Alicia Best, PhD, MPH, CHES , Department of Research and Community Health, HEALing Community Center, Atlanta, GA
Mindi Spencer, PhD, MA , Department of Health Promotion, Education and Behavior, Arnold School of Public Health, University of South Carolina, Columbia, SC
Daniela B. Friedman, MSc, PhD , Arnold School of Public Health, University of South Carolina, Columbia, SC
Ingrid Hall, PhD, MPH , Division of Cancer Prevention and Control, Centers for Disease Control and Prevention, Atlanta, GA
Deborah L. Billings, PhD , Health Promotion, Education and Behavior, Arnold School of Public Health, University of South Carolina, Columbia, SC
Background

Spiritual-framing of health promotion messages may provide a useful strategy to address disparate breast cancer mortality rates among African American (AA) women. The goal of this study was to test the effectiveness of a spiritually-framed breast cancer screening (BCS) message versus a traditional BCS message among a sample of AA women.

Methods

We conducted an RCT in which 200 AA women reviewed a spiritually-framed or traditional BCS message and completed a self-administered survey. Key outcomes included number of thoughts generated (elaboration), ratio of positive to negative thoughts (polarity), and intention to obtain/recommend a mammogram (post-intention).

Results

We used a series of three multiple linear regression models to predict elaboration, polarity, and post-intention, while controlling for demographics, religiosity, spirituality, general concern with breast cancer, and pre-intention. Results indicated that spiritual-framing was positively associated with greater elaboration in Model 1 (R2=.08; β =.27, SE=.36, p<.001) and a greater proportion of positive thoughts in Model 2 (R2=.16; β =.24, SE=.04, p<.001). In Model 3, spiritual-framing was not associated with post-intention (R2=.34; β =.08, SE=.52. p=.16). Subsequent mediation analysis revealed that polarity mediated the relationship between spiritual-framing and post-intention.

Conclusion

This study provided evidence that spiritual-framing may improve the effectiveness of BCS messages among AA women by promoting positive reflection. Further, spiritual-framing had an indirect effect on participants’ intentions to obtain/recommend a mammogram through the generation of more positive thoughts. Interventions targeting AA women should consider the role of spirituality when tailoring BCS messages to ultimately reduce breast cancer disparities.

Learning Areas:

Chronic disease management and prevention
Communication and informatics
Conduct evaluation related to programs, research, and other areas of practice
Diversity and culture
Social and behavioral sciences

Learning Objectives:
Describe the importance of integrating spirituality into breast cancer screening (BCS) messages to address breast cancer disparities among African American (AA) women. Identify a method for assessing the effectiveness of spiritually-framed BCS messages compared to traditional BCS messages. Describe the association between spiritual framing and intention to obtain or recommend a mammogram among AA women.

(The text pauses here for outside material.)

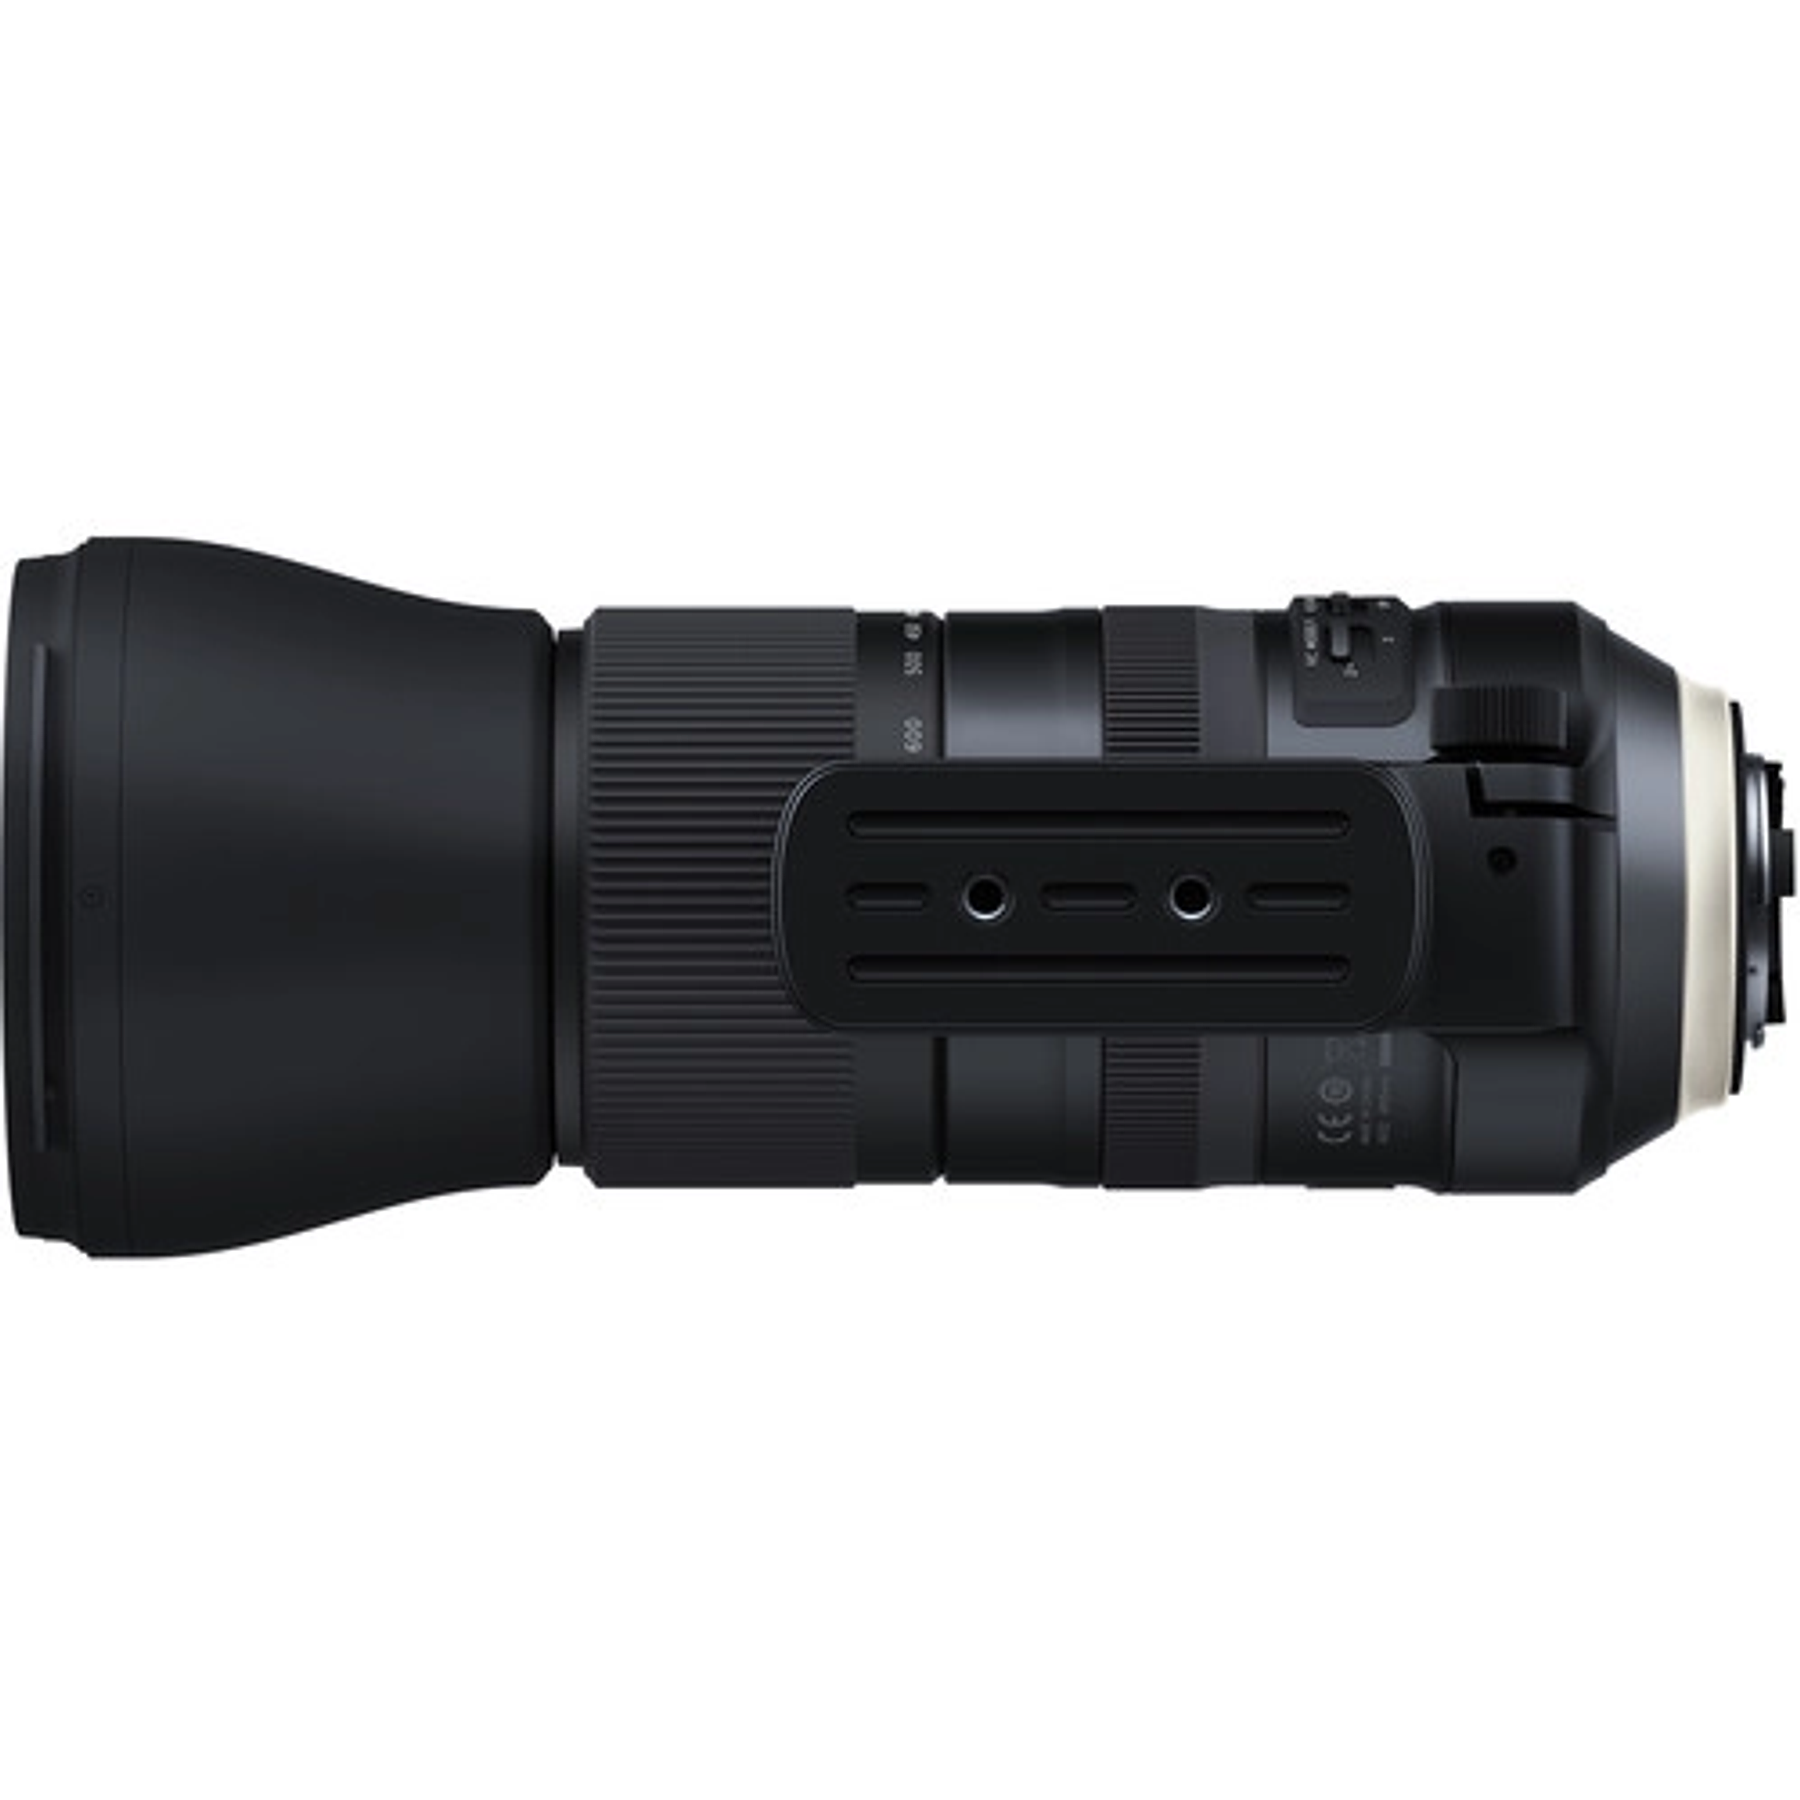 Tamron Lente SP 150-600mm f/5-6.3 G2 Di VC USD G2 para Canon/Nikon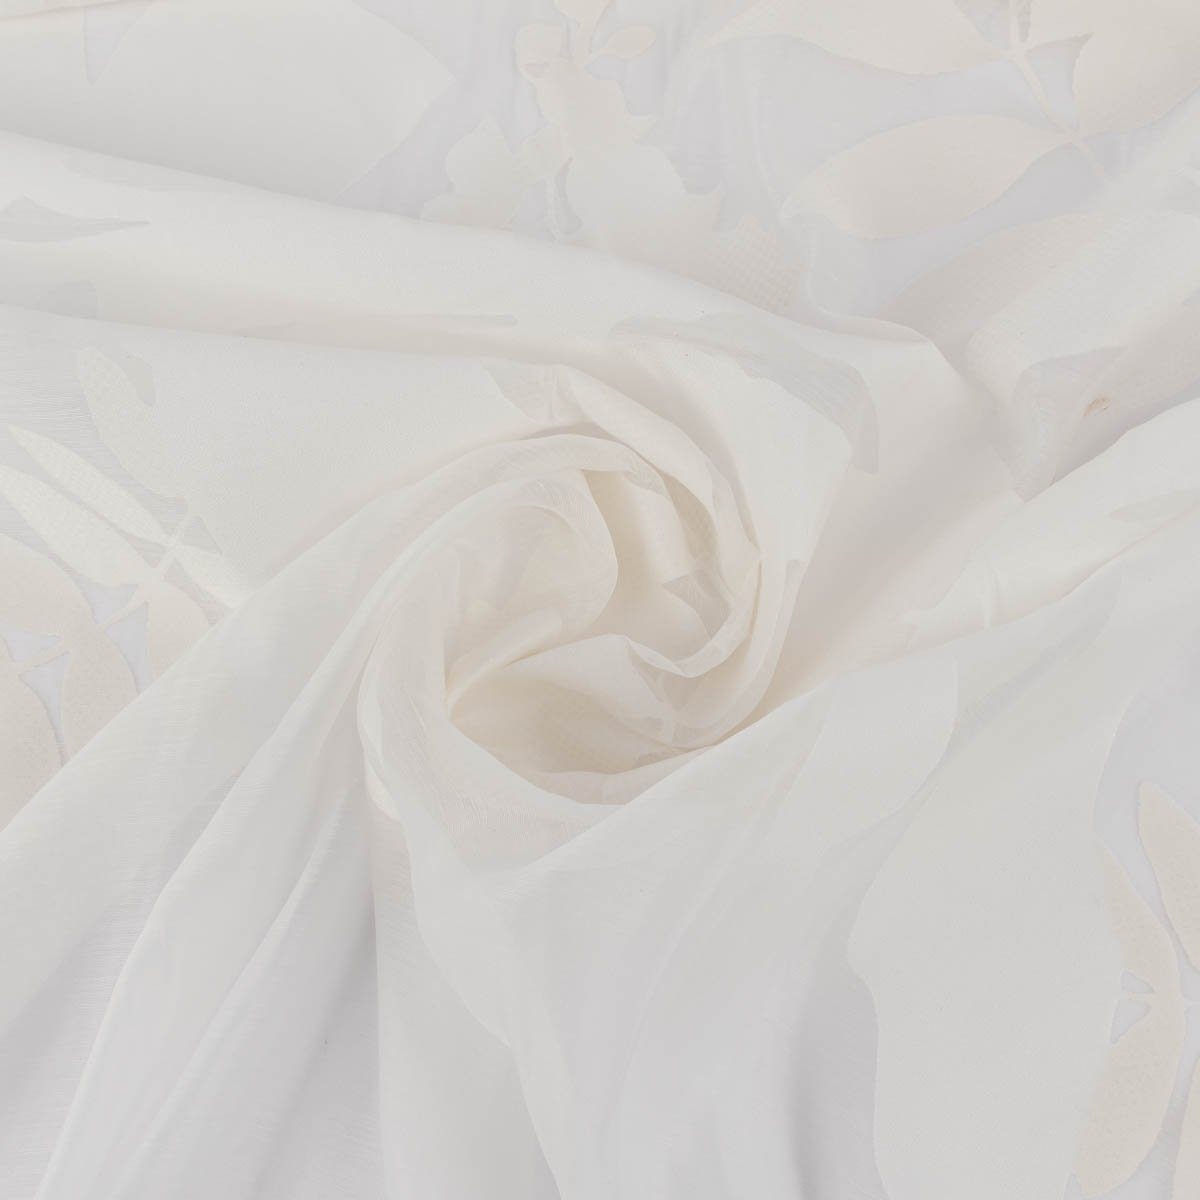 Textil Bleiband, überbreit 295cm, Madagaskar mit leicht perforiert, Rasch Gardinenstoff Meterware Organza, weiß Blätter Ausbrenner

Keyword(s): Cancer Prevention and Screening, Health Disparities/Inequities

Presenting author's disclosure statement:

Qualified on the content I am responsible for because: I have been the principal investigator or co-investigator of multiple federally and non-federally funded research studies focusing cancer-related health disparities, health communication, and the interface between faith and health. My research to date has focused broadly on understanding the mechanisms through which behavioral, psychosocial, and cultural (e.g. spirituality) factors impact cancer-related health disparities among African Americans.
Any relevant financial relationships? No

I agree to comply with the American Public Health Association Conflict of Interest and Commercial Support Guidelines, and to disclose to the participants any off-label or experimental uses of a commercial product or service discussed in my presentation.